Churlish as it will seem to cast a shadow over this tremendous improvement, I must declare a couple of tiny quibbles. For one thing, it’s devilishly hard to gauge precisely where a “promise” ranks in the gradation of unbreakable statements of political intent. It certainly feels stronger than a “pledge” (or at least a Nick Clegg “pledge”), which is good. But somehow it feels less binding than a “vow”, as in the “vow” to devolve more power to the Scots. Me, I’d have been happier if David Cameron had made it a solemn oath written in his own blood.

Even if he had, however, another weeny problem is that six years is a very long way in the future when drastic underfunding, a grave shortage of GPs and a population growing in age and number have conspired to desecrate the front line of NHS care today. The last time I rang for an appointment, at an excellent west London practice, the first one available was almost three weeks away.

Passing over such trivial questions as whether wickedly overworked GPs will be mad keen to work even harder (the early signs, curiously, are that they will not), you wonder whether leaving it until 2020 before surgeries open for longer on weekdays and on weekends is quite enough. With so many of them forced to close their lists, and in some cases remove people from them, the crisis is happening now.

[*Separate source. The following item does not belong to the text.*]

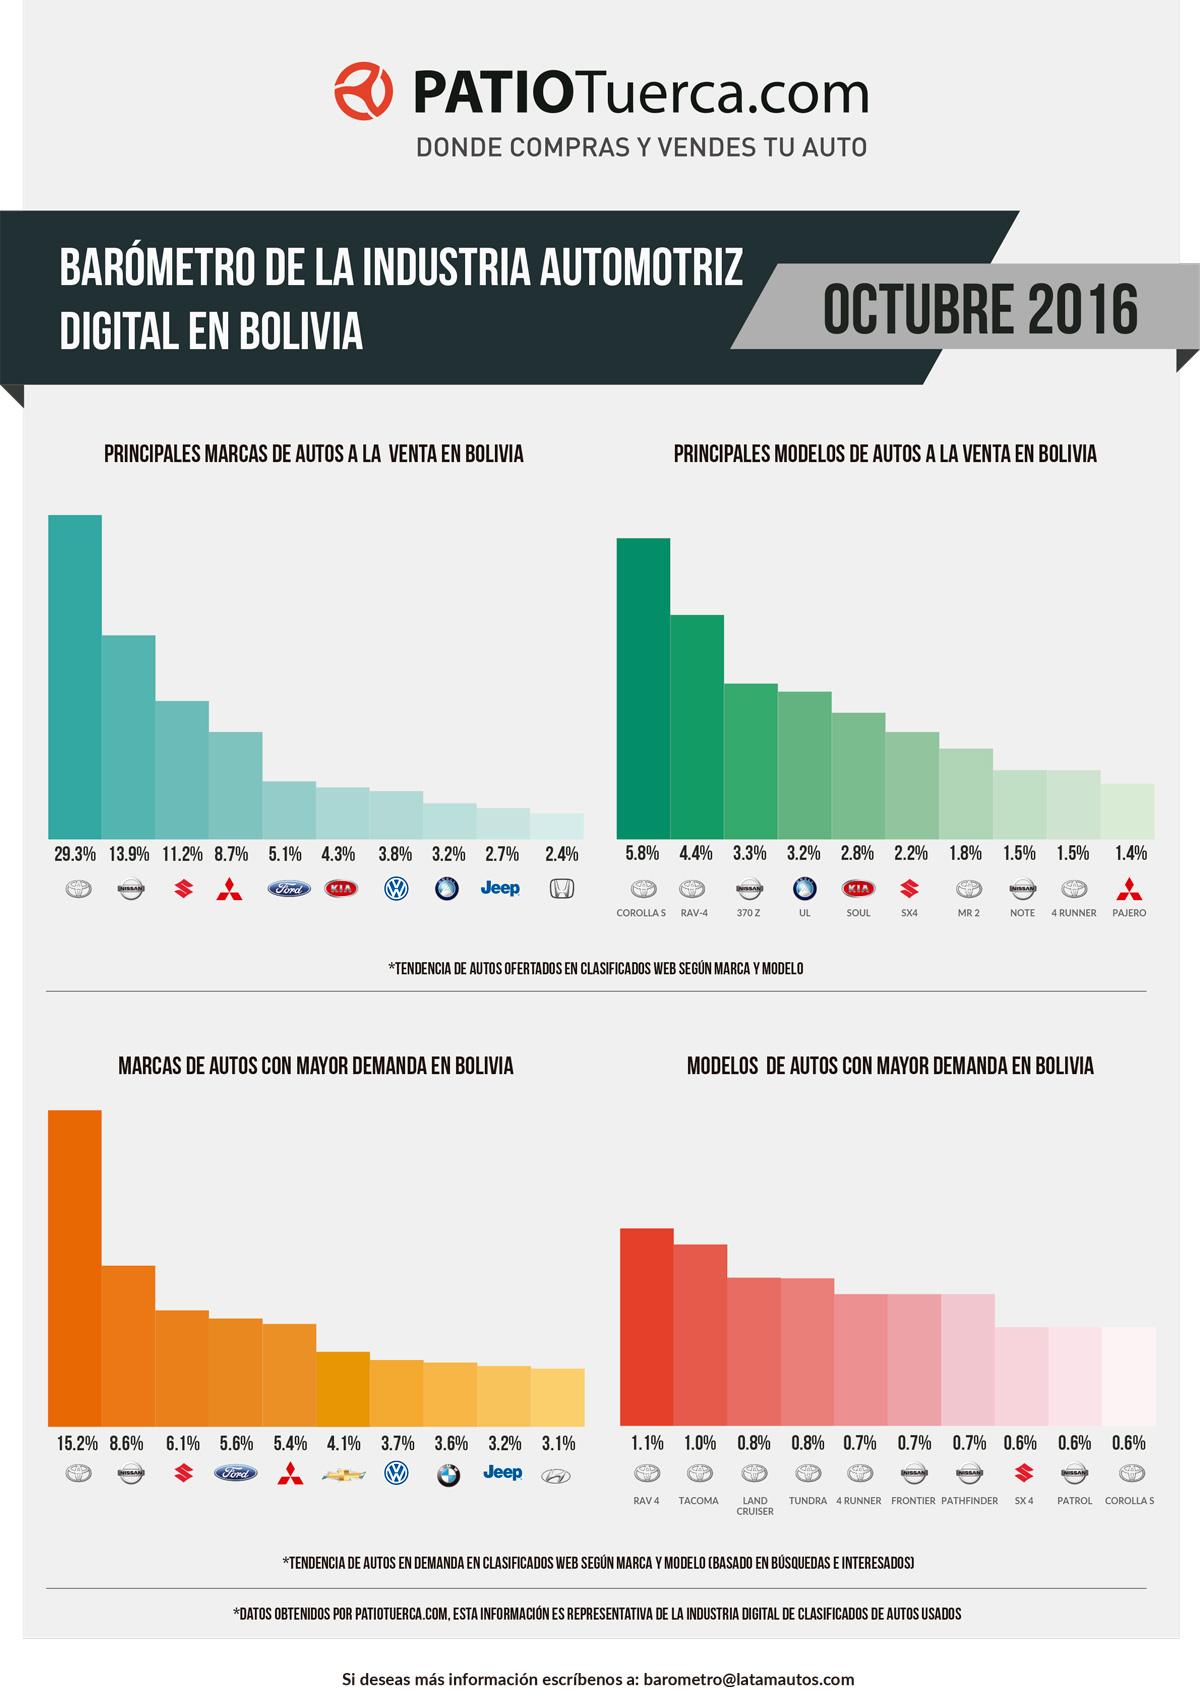 Barómetro digital de la industria automotriz boliviana en octubre

Last year, 104 practices asked permission to stop taking on new patients, and another 45 to dispense with existing ones. The case of Lily Dove gives a flavour. This 95-year-old widow, who suffers from failing eyesight and diabetes, heart problems, arthritis and poor mobility, was one of 1,500 patients sacked by her Norfolk surgery in June, and told to sign up with another 10 miles away. God willing Mrs Dove lives a year beyond receipt of her telegram. But it seems an unusually dreamy kind of blue-sky thinking for Cameron to reassure ailing 95-year-olds that the crisis will have passed in six years.

Whether Cameron will be in his post on 8 May 2015 to oversee his languid masterplan remains exceedingly hard to call. Seven months out, the rapid entrenchment of four-party politics makes the coming election more difficult to read than any before. Gut instinct insists that the economic recovery gives the Tories a clear edge, the psephological head says that the growing schism on the right and the collapse of the Lib Dem popular vote favours Labour, and the odds-on favourite with the bookies is that no party will win a majority. But if anything is to break this deadlock, it could well be the NHS.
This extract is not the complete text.